Devo ser privilegiada ou então tenho tido imensa sorte: não tenho nada a apontar ao SNS.
De todas as vezes que necessitei de recorrer ao serviço fui bem tratada e relativamente rápido.
Creio já o ter escrito que estou em crer que, conforme diz o povo, “queixamo-nos de barriga cheia”, se compararmos com outros países com PIBs muitíssimo maiores e com sistemas de saúde altamente discriminatórios e em nada gratuitos.
É atentarmos por exemplo no que se passa nos EUA, esse país democrático e onde se morre às portas dos hospitais, caso não se tenha seguro de saúde.
Em Portugal ninguém fica sem assistência, seja nacional, seja residente, esteja regular ou irregular. Aliás, fomos o primeiro (quase me atrevo a dizer o único) país que durante a pandemia teve um programa de vacinação para sem-abrigo e migrantes em situação irregular.
Aqui chegados, naturalmente que há imensa coisa a melhorar e situações a corrigir.
Desde logo o que se prende com o reconhecimento de habilitações na área da saúde – médicos e enfermeiros – de imigrantes e refugiados.
Durante a pandemia, recorreu-se a muitos destes profissionais, de maneira a reforçar as equipas de combate ao vírus. Alguns ingressaram nos quadros, mas uma grande parte retornou aos seus trabalhos indiferenciados.
Com a vaga de refugiados ucranianos a chegar ao nosso País, criou-se uma dualidade de critérios que deverá ser ultrapassada o mais rapidamente possível, uma vez que não existem migrantes de primeira e de segunda categoria.
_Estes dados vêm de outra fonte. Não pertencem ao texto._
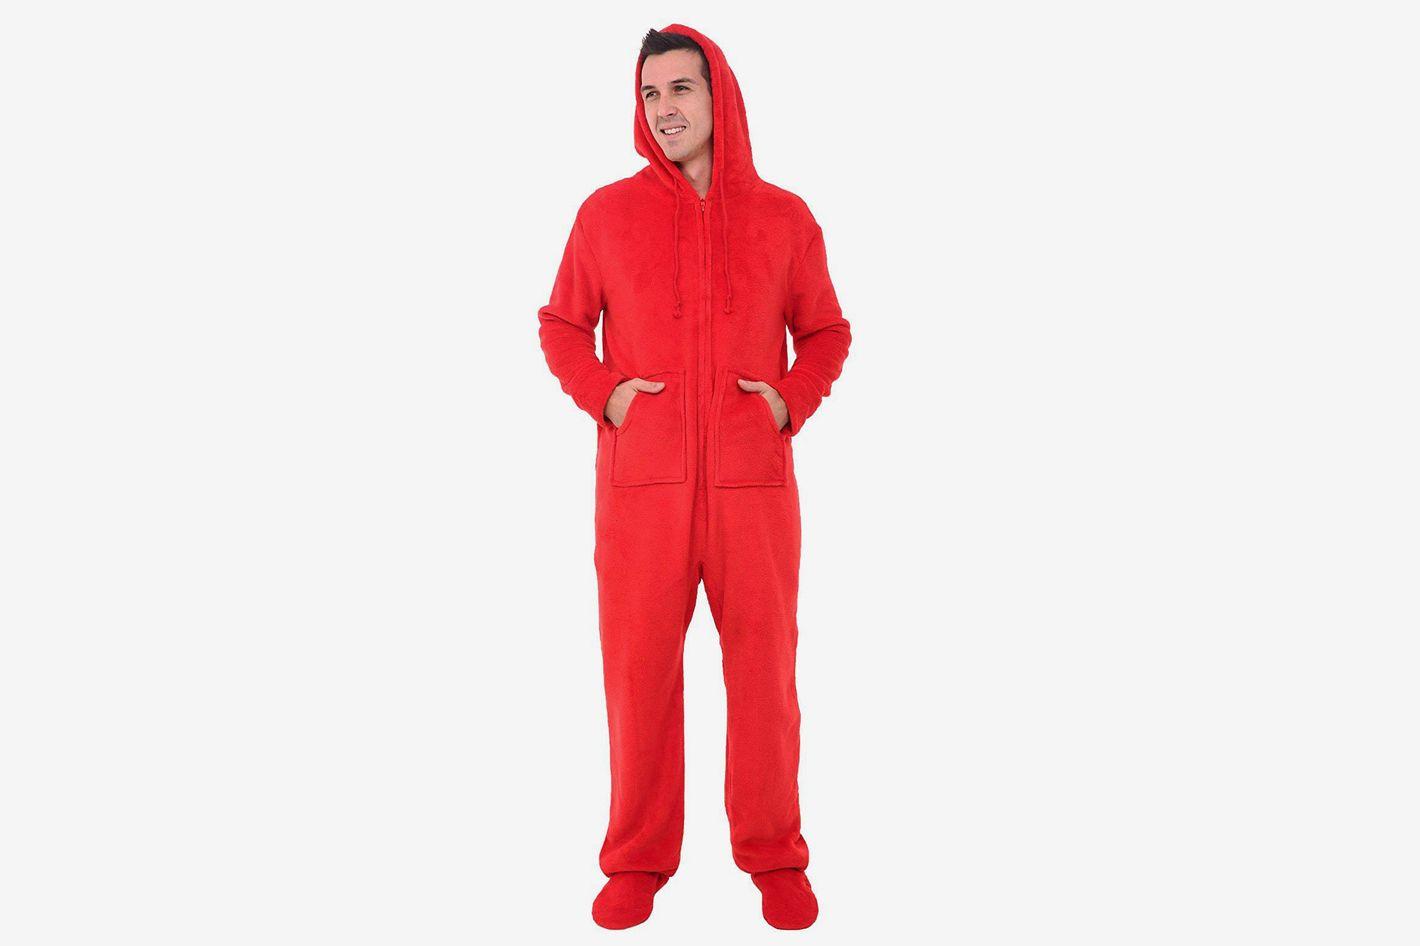 Christmas Pajamas Onesie.16 Best Christmas Onesies 2018 The Strategist New York

P., ucraniana chegada nos anos 80 do século passado ao nosso País, só agora viu o seu diploma de médica pediátrica reconhecido e passou a integrar o nosso Sistema de Saúde. Foram anos com cartas, requerimentos, exposições, apelos, enquanto aceitava trabalhos, de limpeza primeiro e depois de acompanhamento de idosos acamados. Décadas com as suas capacidades em suspenso, sentindo-se impotente perante um sistema que só lhe colocava obstáculos. Finalmente, a sua saga teve um final feliz.
Entendo que, no caso de habilitações, por exemplo em Direito, a equivalência não possa ser imediata já que os sistemas legislativos são diferentes, mas, desculpem lá, anatomia humana é igual em todo o lado, certo?
Como o têm os (as) refugiados(as) ucranianos(as) que chegam com os diplomas na mão e cujo reconhecimento é, neste momento, quase automático.
S. é refugiada afegã.
Fugiu com a mãe viúva e uma irmã, dum país onde ser mulher é, praticamente, um crime. Quando o regime foi tomado pelo taliban, encontrava-se no último semestre do curso de medicina. Trouxe consigo todos os certificados, declarações e demais papelada, para que pudesse solicitar equivalência e terminar em Portugal a sua formação. Impossível. Nem uma única equivalência. Uma única!
S. já não se importa de repetir anos de estudo. Já nem sequer se importa que lhe sejam reconhecidas habilitações para qualquer área de saúde. Apenas quer trabalhar naquilo para que se preparou. Tenta em vão por todos os meios e desespera.
J. era médico em Cuba, país reconhecido pela sua qualidade na área médica.
Sabe que alguns colegas conseguiram até com alguma facilidade, que lhes fosse dada equivalência e lhes fosse permitido o exercício da profissão. Porém J. tem um grande senão: tem mais de cinquenta anos! Pelo menos é a única explicação que consegue intuir, uma vez que nem resposta lhe é dada aos seus pedidos.
Todos são migrantes, todos têm consigo os atestados e certidões que comprovam as suas declarações. Nem todos conseguem atingir o objetivo.
Não me custa a acreditar que alguns cursos administrados em determinados países sejam mais reconhecidos e fiáveis que outros. Mas, se existem dúvidas, porque não é feito um exame para aferir da capacidade da pessoa?
Entendo que, no caso de habilitações, por exemplo em Direito, a equivalência não possa ser imediata já que os sistemas legislativos são diferentes, mas, desculpem lá, anatomia humana é igual em todo o lado, certo?
Ouvi o sr. bastonário explicar muito bem que o problema não está na Ordem dos Médicos, mas nos requisitos das Faculdades de Medicina. Mas então deverão os mesmos ser iguais e aplicarem-se da mesma forma a todas as nacionalidades.
Enquanto isso, clamamos pela falta de médicos.
Pois bem, alguns estão a construir ou a limpar as nossas casas.
Se calhar está na hora de também olhar para esta situação.